| TASK BRIEF |
Repeat the listing that follows exactly. Pictures are not part of the copy.

| RECORDED DATA |

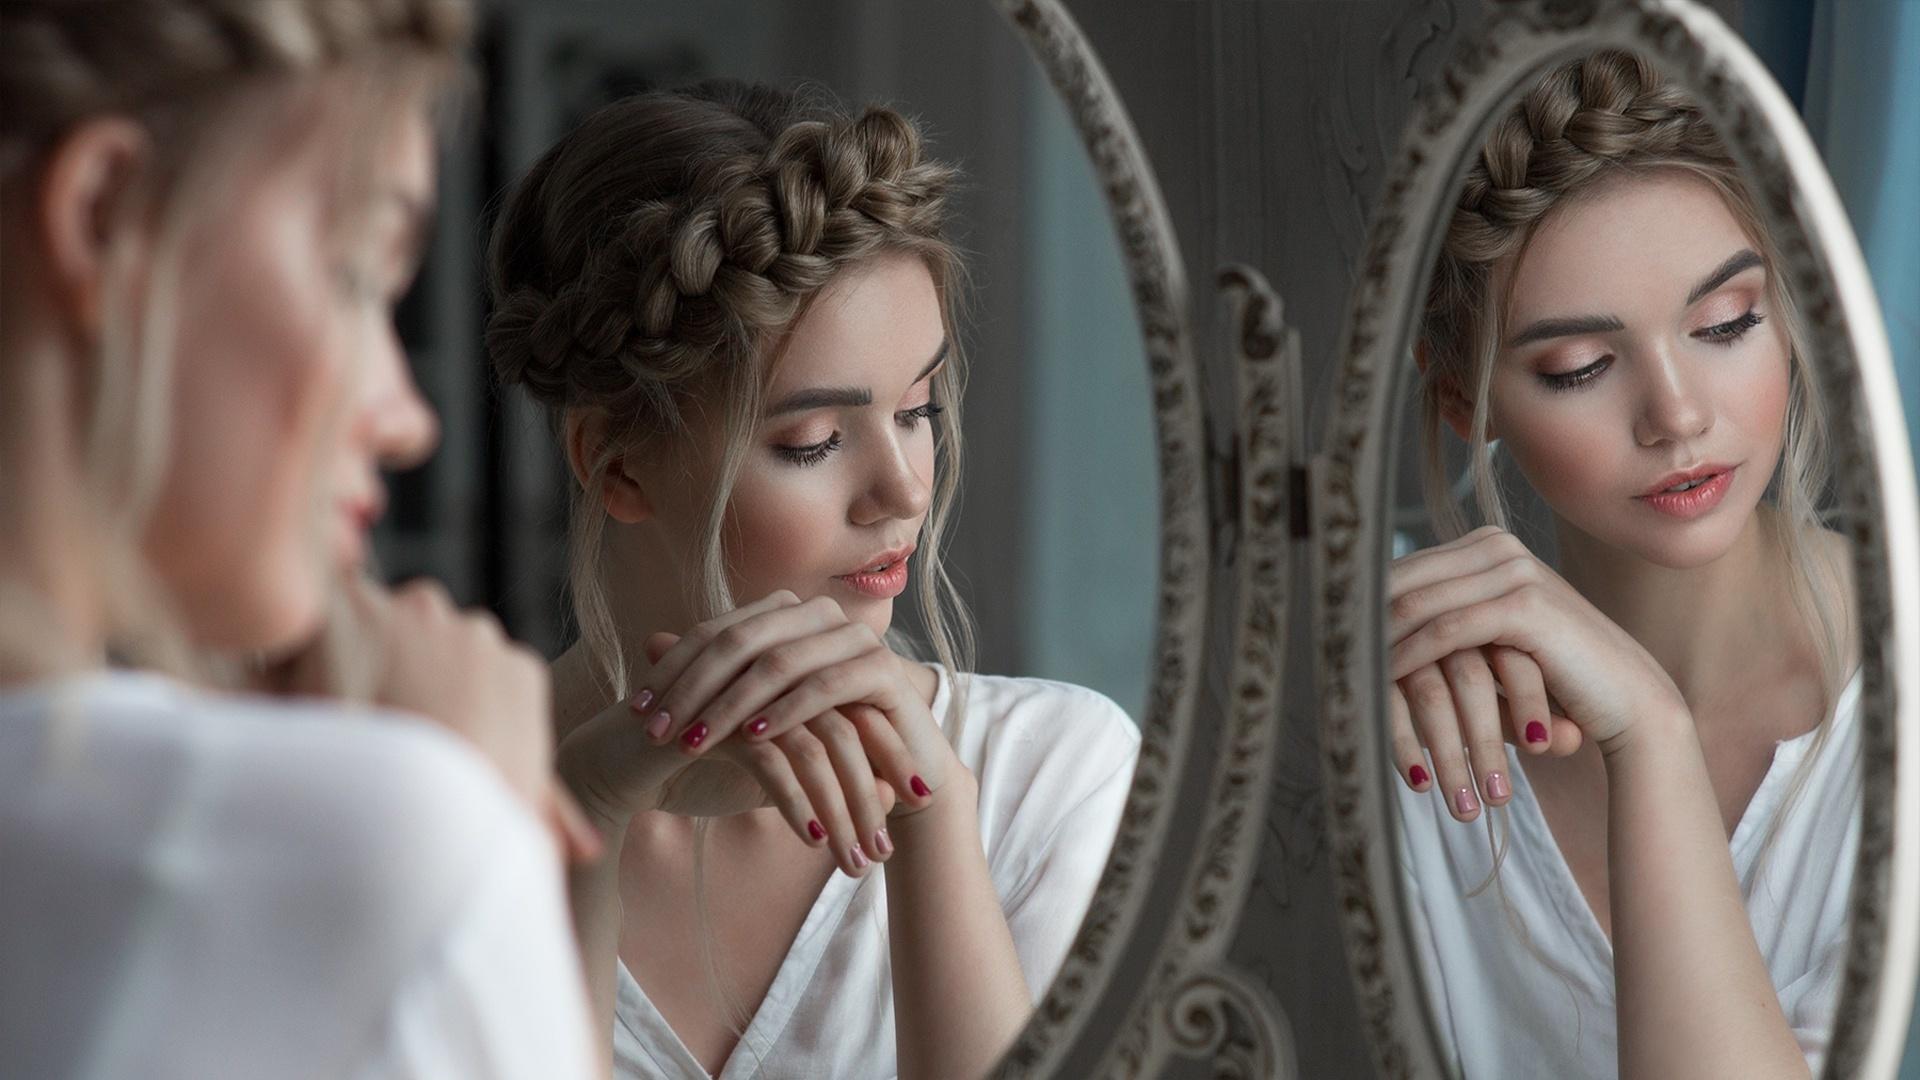 красивая девушка у зеркала понял мое смущение
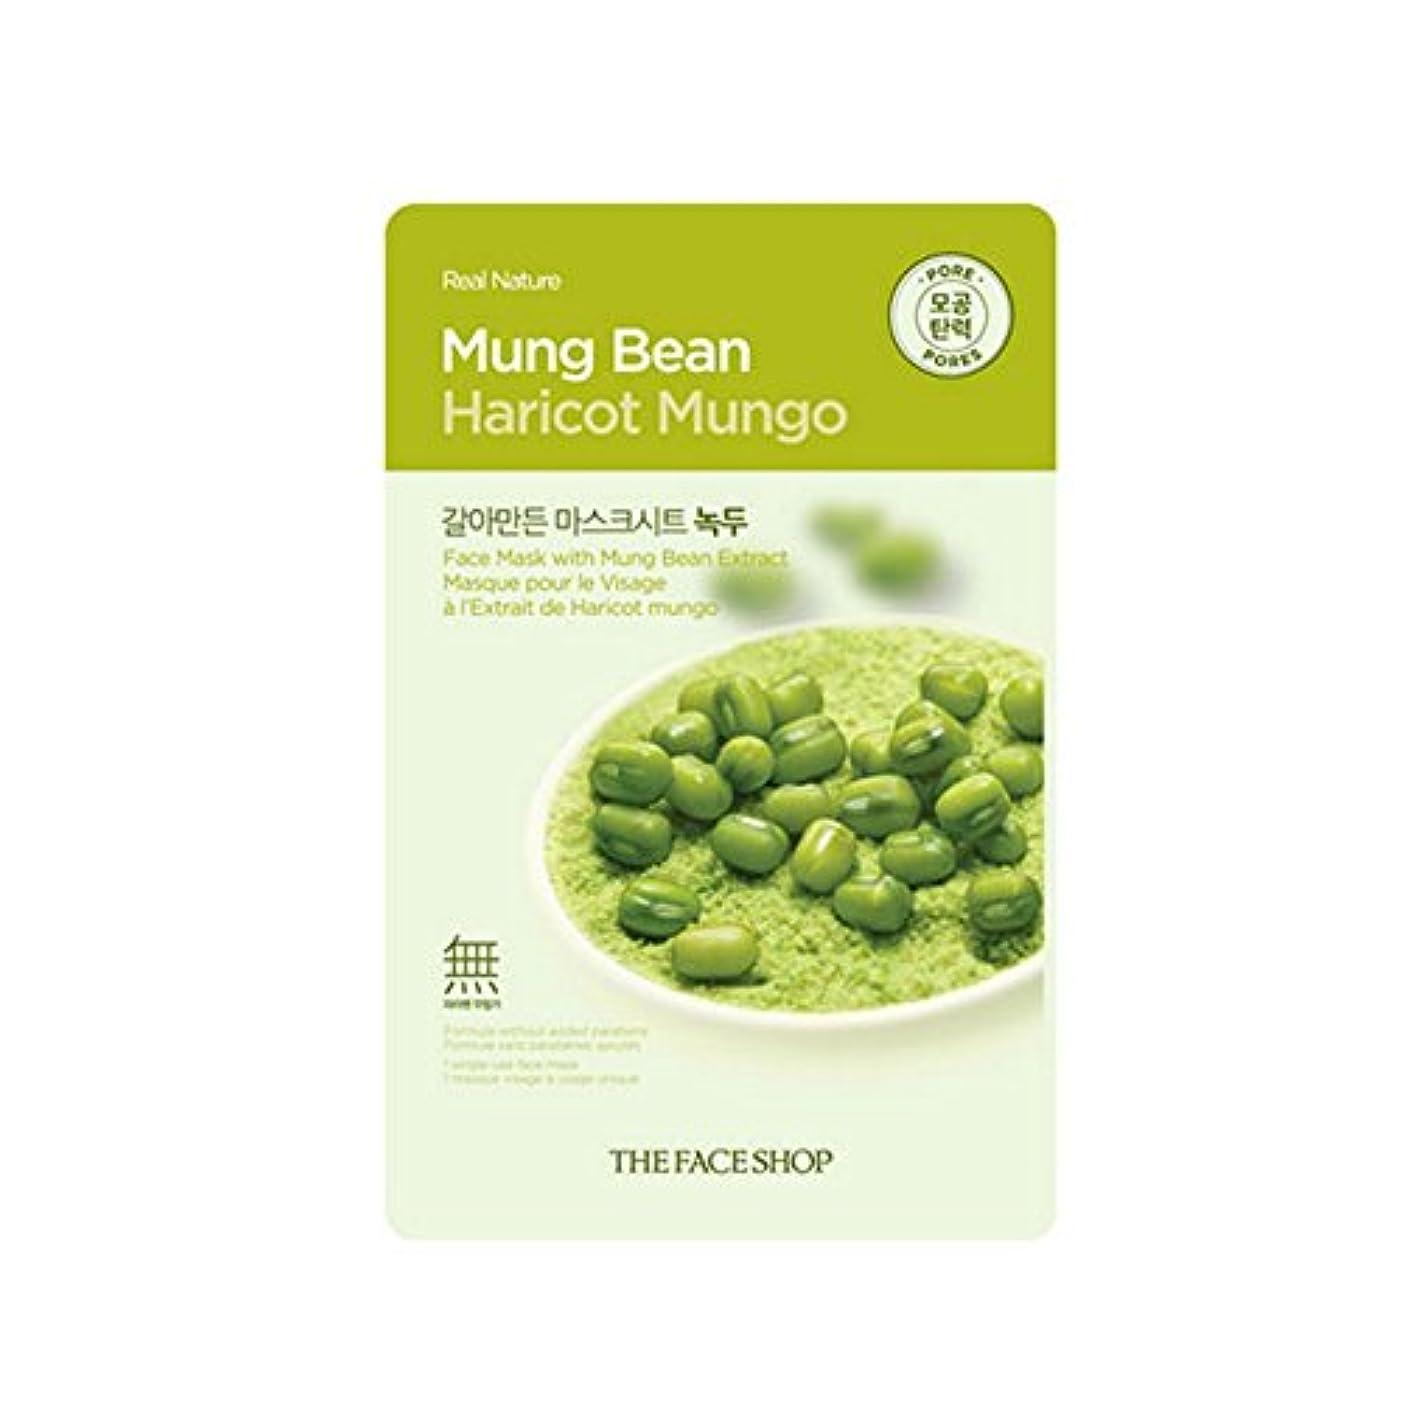 時計滑り台コピー[The Face Shop] ザフェイスショップ リアルネイチャーマスクシート Real Nature Mask Sheet (Mung Bean (緑豆) 10個) [並行輸入品]
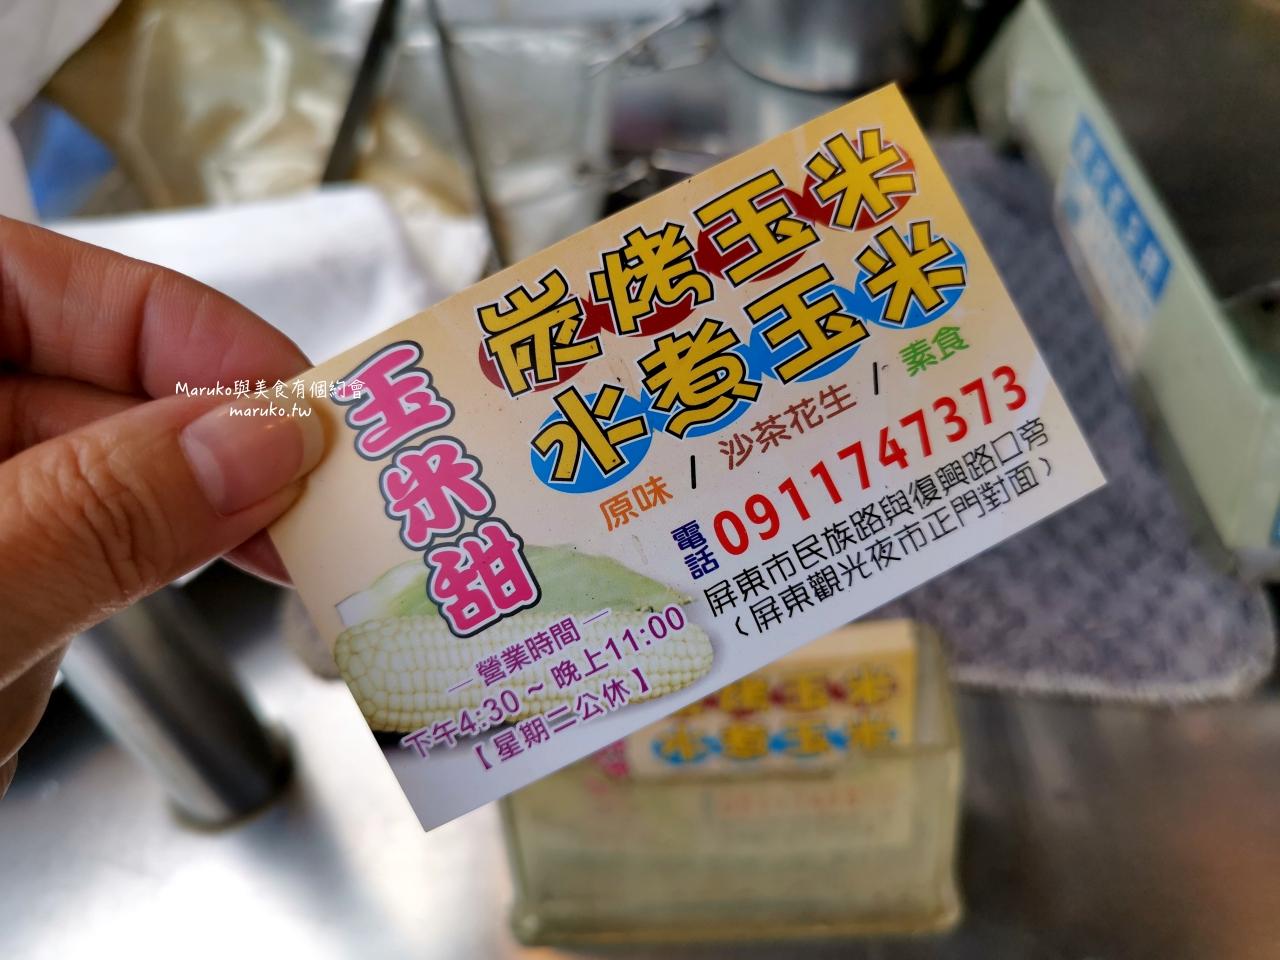 【屏東】玉米甜/在地人推薦隱藏版炭烤玉米/屏東夜市小吃 @Maruko與美食有個約會

| EXERCISE OUTPUT |
 красивая девушка у зеркала понял мое смущение
 時計滑り台コピー[The Face Shop] ザフェイスショップ リアルネイチャーマスクシート Real Nature Mask Sheet (Mung Bean (緑豆) 10個) [並行輸入品]
 【屏東】玉米甜/在地人推薦隱藏版炭烤玉米/屏東夜市小吃 @Maruko與美食有個約會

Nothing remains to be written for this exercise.